OpenCV has very good documentation on generating SIFT descriptors, but this is a version of "weak SIFT", where the key points are detected by the original Lowe algorithm. The OpenCV example reads something like:
img = cv2.imread('home.jpg')
gray= cv2.cvtColor(img,cv2.COLOR_BGR2GRAY)
sift = cv2.SIFT()
kp = sift.detect(gray,None)
kp,des = sift.compute(gray,kp)
What I'm looking for is strong/dense SIFT, which does not detect keypoints but instead calculates SIFT descriptors for a set of patches (e.g. 16x16 pixels, 8 pixels padding) covering an image as a grid. As I understand it, there are two ways to do this in OpenCV:
In other words, I'd have to replace the sift.detect()
line with something that gives me the keypoints I require.

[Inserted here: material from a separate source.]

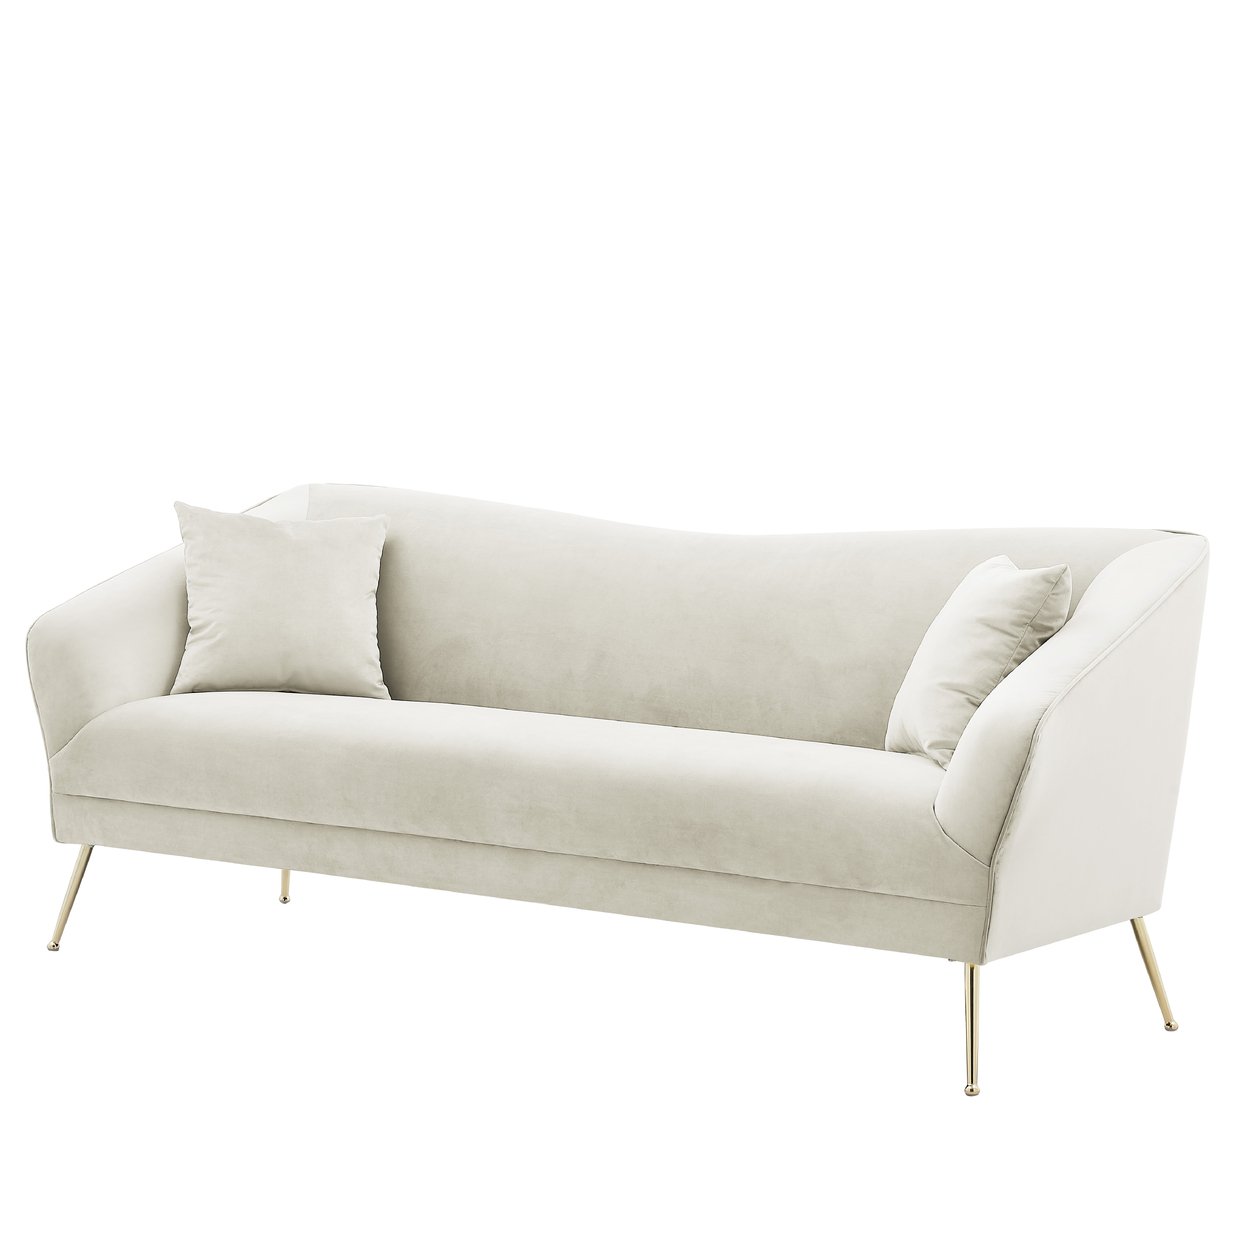 Iconic Home Ember Sofa Velvet Upholstered Tight Seat Back Design Flared Gold Tone Metal Legs With 2 Decorative Pillows - Beige

My problem is that the rest of the OpenCV documentation, especially wrt Python, is severely lacking, so I have no idea how to achieve either of these things. I see in the C++ documentation that there are keypoint detectors for grid, but I don't know how to use these from Python.
The alternative is to switch to VLFeat, which has a very good DSift/PHOW implementation but means that I'll have to switch from python to matlab.
Any ideas? Thanks.
You can use Dense Sift in opencv 2.4.6 <. Creates a feature detector by its name.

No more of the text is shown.